Interactive Dash report in reports/codeflash-ci-audit/ with two tabs:
Executive Summary (hero metrics, cost impact charts, before/after) and
Full Detail (fork breakdown, findings table, PR inventory, methodology).

Key numbers: 71% fewer workflow runs, ~$12K/yr in Enterprise overage
savings, 200+ forks disabled, 11 PRs merged across 2 repos.
2026-04-23 03:56:04 -05:00
Kevin Turcios
0901db9fee Update coveragepy status after E2E validation session 2026-04-21 21:19:24 -05:00
Kevin Turcios
edfdd231e0 Use attrs fork with deferred inspect import
Point attrs dependency at local fork (KRRT7/attrs perf/defer-inspect-import)
which defers the ~12ms inspect import until first class build. Temporary
override until upstream merges python-attrs/attrs#1547.

Also adds attrs optimization case study data (VM infra, status).
2026-04-21 02:27:50 -05:00
Kevin Turcios
b42417532d Add optimization project scaffolding for plotly/plotly.py 2026-04-16 23:57:06 -05:00
Kevin Turcios
380bd59503 Add iterative-discovery narrative and missing findings across all reports
Weave "optimizations reveal deeper issues" framing into engagement report
executive summary, case study, and optimization README. Add O(N²) text
extraction fix, per-request RSS creep (24→17 MB), and memray profiling
data that were previously undocumented.
2026-04-16 15:02:39 -05:00
Kevin Turcios
20f6c59f05
Lint and format entire repo, not just packages (#23)
Remove .codeflash/ from ruff extend-exclude, add per-file ignores
for .codeflash/, scripts/, evals/, and plugin/ (benchmark/script
patterns like print, eval, magic values). Remove shebangs. Widen
pre-commit hooks to check the full repo.
2026-04-15 03:16:15 -05:00
Kevin Turcios
33faedf427
Add Unstructured report, rewrite statusline, format evals/scripts (#20)
* Add Unstructured engagement report as uv workspace member

Three-tier Plotly Dash app (Executive Brief, Engineering Team, Full
Detail) with data in JSON, theme constants in theme.py, and Dash
production improvements (Google Fonts, clientside callbacks, meta tags).

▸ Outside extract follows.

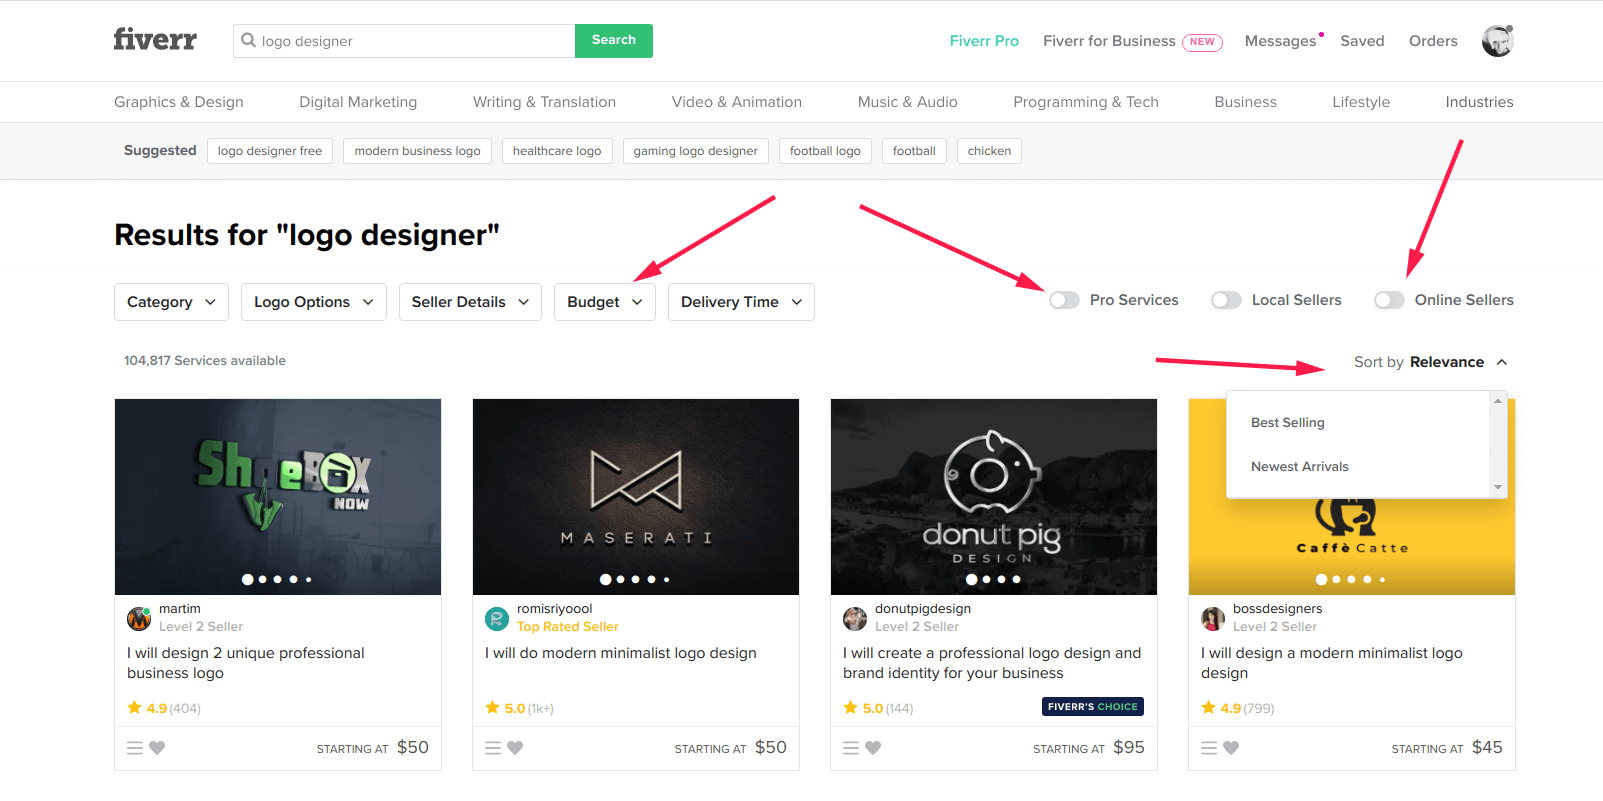 how to filter logo designers on Fiverr

Also: add .playwright-mcp/ to .gitignore, add reports/* ruff overrides,
remove tracked .codeflash/observability/read-tracker.

* Rewrite statusline to derive context from git state

Detects active area from changed files (reports, packages, plugin,
.codeflash, case-studies, evals), falls back to branch name convention
(perf/*, feat/*, fix/*), shows dirty indicator. Uses whoami for
cross-platform user detection.

* Add pre-push lint rule to commit guidelines

* Exclude .codeflash/ from ruff linting

Benchmark and profiling scripts in .codeflash/ are scratch work, not
package source. Excluding them prevents CI failures from ad-hoc scripts.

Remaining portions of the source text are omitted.